Technical Abstract: Current methods to characterize microbial communities generally employ sequencing of select variable regions of the 16S rRNA gene using short reads (< 500 bp) with high sequence accuracy (~ 99%), but affording only limited phylogenetic resolution. One solution is long-read sequencing which allows for the profiling of entire ribosomal operons [16S-ITS-23S rRNA genes] to characterize the microbiome.
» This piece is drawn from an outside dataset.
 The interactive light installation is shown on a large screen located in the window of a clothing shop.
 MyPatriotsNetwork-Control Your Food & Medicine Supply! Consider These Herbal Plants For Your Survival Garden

Unfortunately, the creation of rRNA operon databases has lagged as compared to the 16S, 23S, and ITS regions alone. Here, we describe an rRNA operon database with >300,000 entries, representing >10,000 prokaryotic species and ~150,000 strains. BLAST analysis parameters were identified for strain-level resolution using in silico mutated mock rRNA operon sequences (70–95% identity) from 4 bacterial phyla and 2 members of the Euryarchaeota. Performance testing on a Mac Mini took <0.5–37 seconds per read and strain-level resolution at > 73% identity for all mutated sequences. However, a typical MinION library contains ~50,000 reads and most settings were unmanageable for practical analysis in the field. Therefore, BLAST settings were optimized requiring < 3 secs per read with strain-level resolution for sequences with >84% identity. These settings were tested on sequence libraries generated from a diverse set of habitats: the human respiratory tract, farm/forest soils, and marine sponges (n= 1,322,818 reads). Most reads in this data set yielded best BLAST hits (95 ± 8%). However, only 38–82% of library reads were compatible with strain-level resolution, reflecting the dominance of human/biomedical associated prokaryotic entries in the database. Since the MinION and the Mac Mini are both portable, this study demonstrates the possibility of strain-level microbiome analysis in the field.